Pigliucci and Boudry, writing in Philosophy of Pseudoscience: Reconsidering the Demarcation Problem, explain:

These groups collect and disseminate information on issues where scientific information and approaches are more or less relevant. They often feel that their views are neglected or stigmatized in society at large. As a result, these belief buddies consciously attempt to affirm contributions that further their agenda; dissent is discouraged lest it lead to a splintering of the group…

[B]elief buddies may not welcome criticism … Their job is to convey information that supports their core project and to reassure beleaguered constituents.

Science, on the other hand, involves critical communities. Their job is to challenge the information that supports their core project and everyone and everything is a target for criticism.

Simply put: pseudoscience takes place in supportive communities, while real science takes place in critical communities.

How can the lay person tell the difference? Sometimes it is obvious; a group of belief buddies may insist that their community will only allow members who support each other in their belief in the core project.

Over the years, for example, Mothering.com has been explicit in promoting its anti-vaccination message boards as places of “support.” In a charmingly Orwellian formulation, the editors explain:

… Though Mothering does not take a pro or anti stand on vaccinations, we will not host threads on the merits of mandatory vaccine, or a purely pro vaccination view point as this is not conducive to the learning process.

Therefore, a layperson can be sure that any community that exists to support a specific belief will be a community of pseudoscience and have nothing to do with science.

But what if the leaders of the community do not helpfully inform you that they have no interest in anything that disagrees with their core beliefs? That’s easy, too. Just look at whether the community allows or bans dissenting opinions.

For example, at every level of homebirth advocacy, from clowns like The Feminist Breeder, through organizations like Lamaze; from self-proclaimed “experts” in obstetrical research like Henci Goer to people with academic credentials like Darcia Narvaez, PhD, the delete button is integral to maintaining control over what people read and think.

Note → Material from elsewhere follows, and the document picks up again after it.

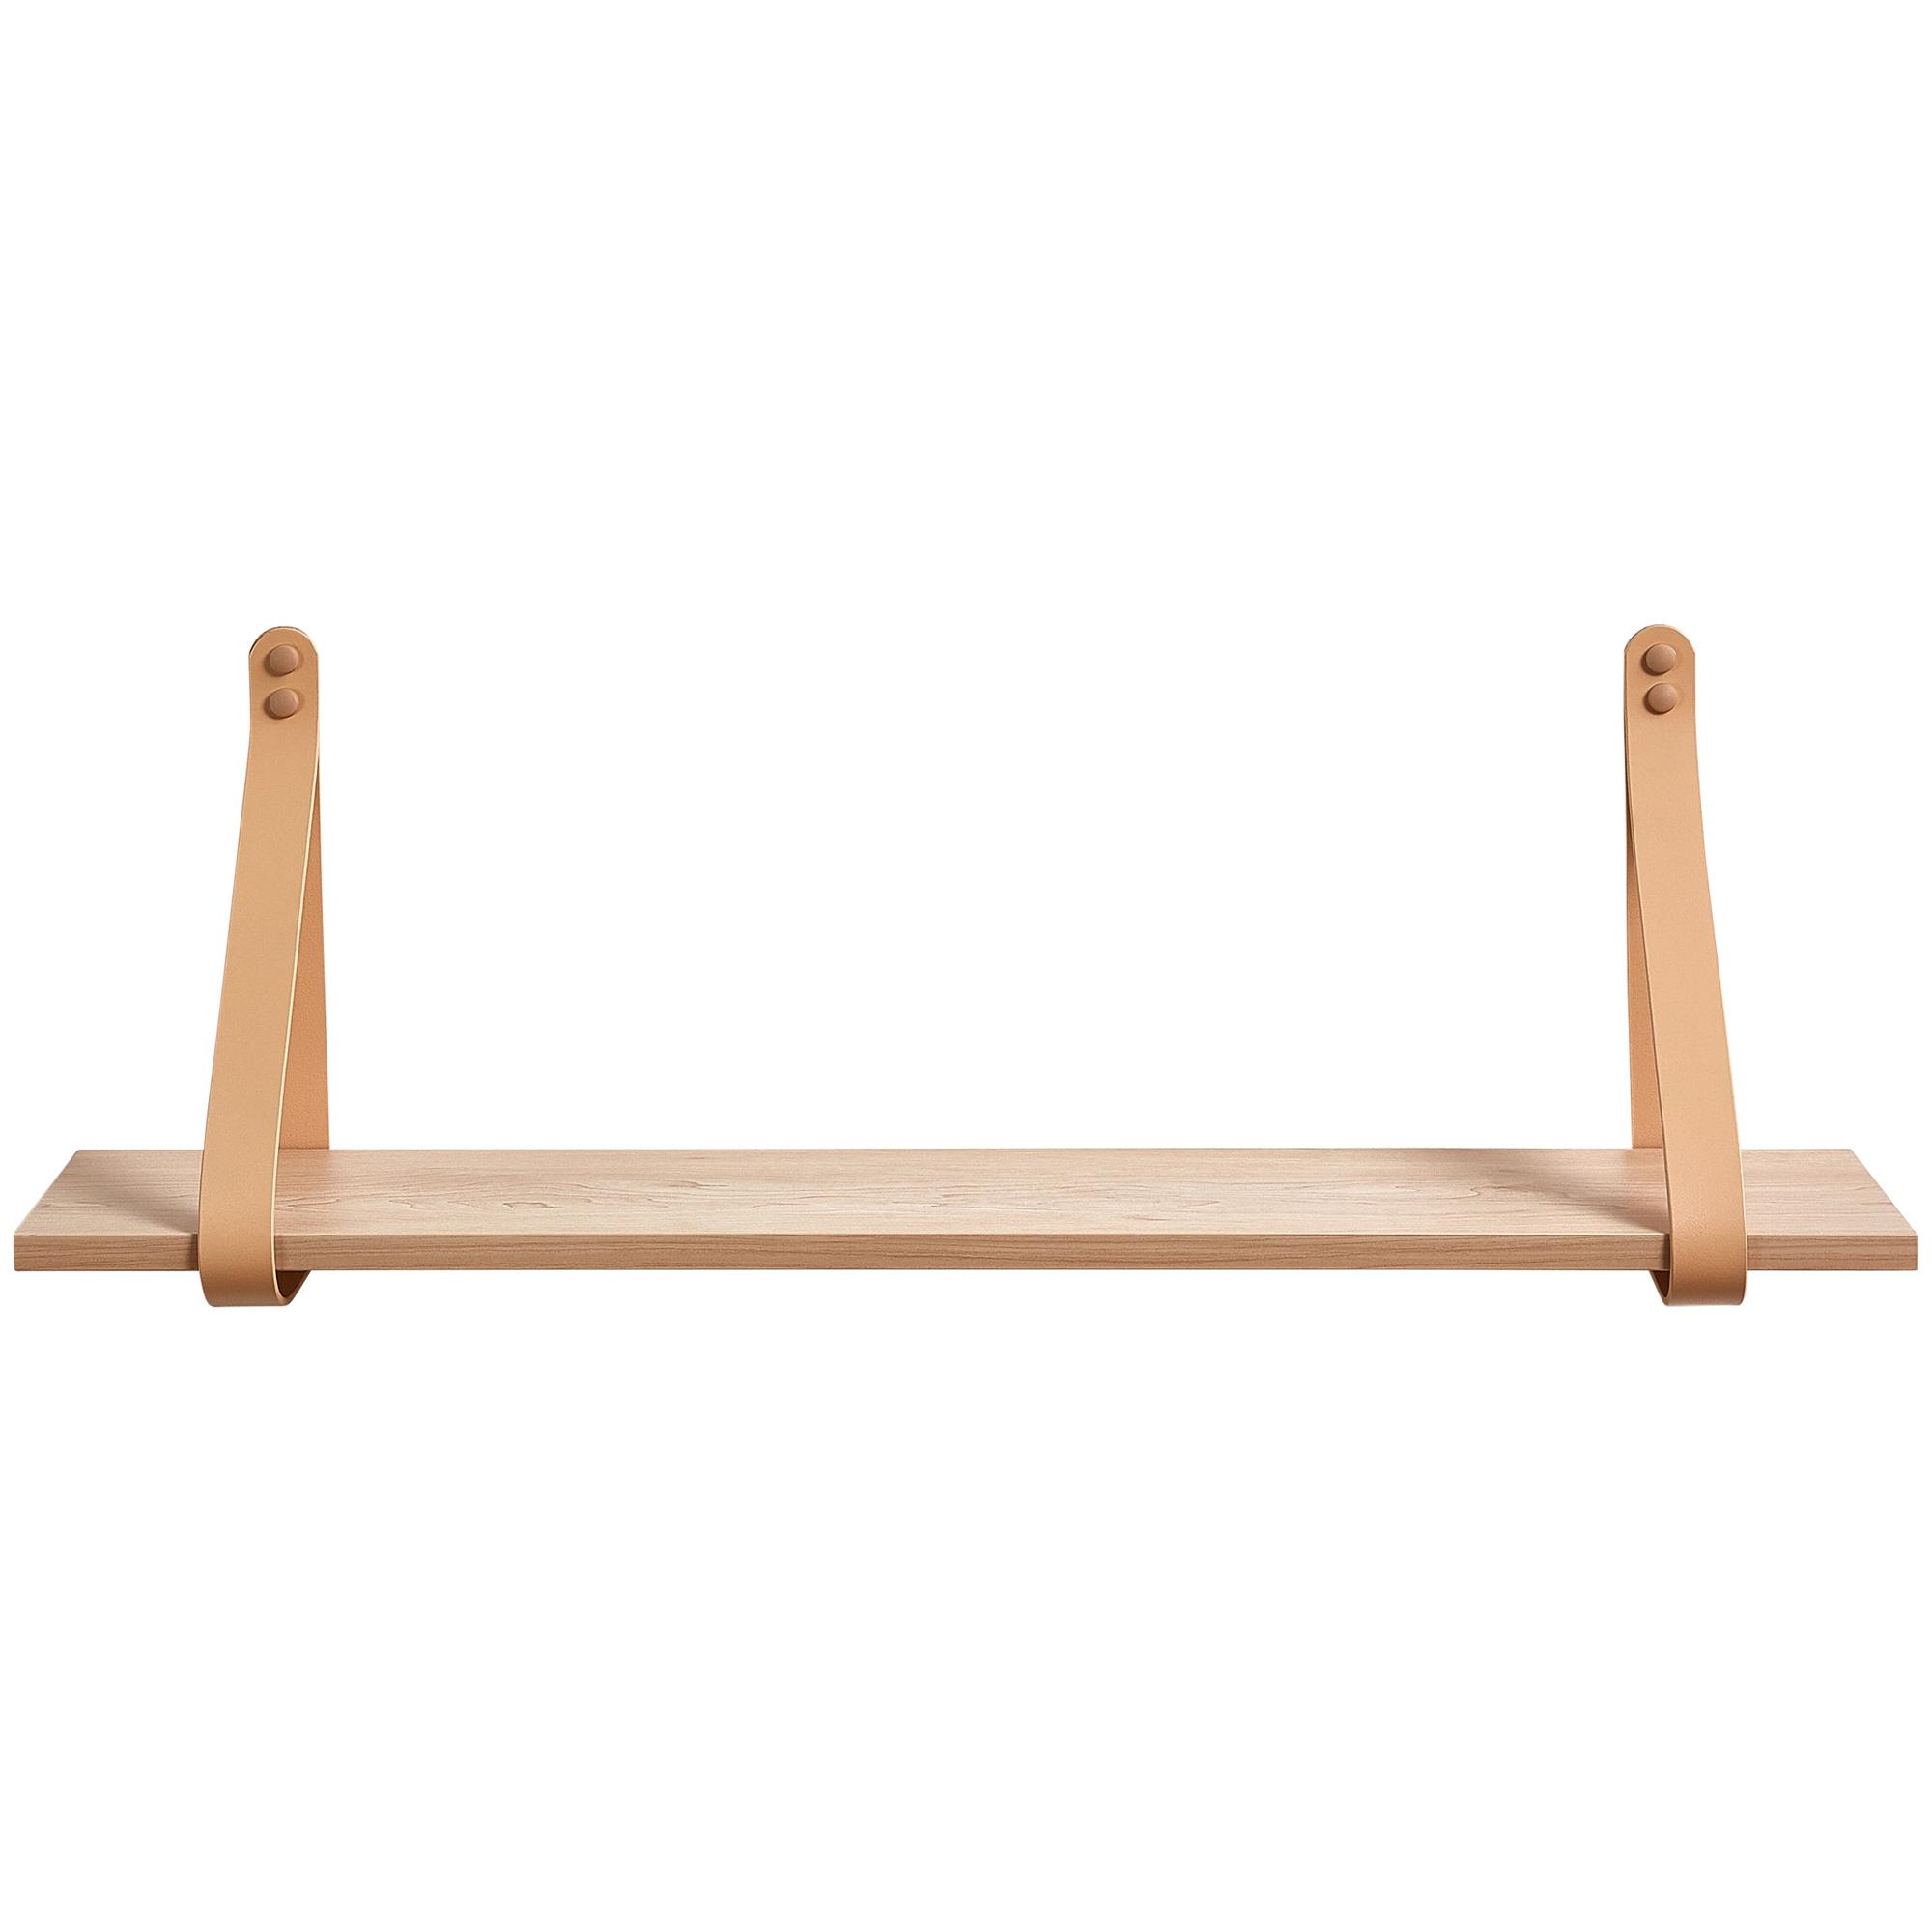 Zanui, Medium Nude Leather Strap Shelf, $159

As in the case of totalitarian governments, efforts to remove dissent and create the image that dissent never existed are tools to support beliefs that could never be defended in an intellectually honest way. Deleting and banning reflect the desperation felt by those trying to hold onto power that was gained by lying to people in the first place. Most importantly, women (and men) should understand that professional homebirth advocates are terrified of letting people have free access to information. Who knows what might happen if they treated women like intellectually capable human beings instead of like sheep?

When homebirth advocates tell you they have “educated” themselves, and done “research,” they mean that they have visited communities of belief buddies. But belief buddies deal in pseudoscience and that means that members are indoctrinated, not educated.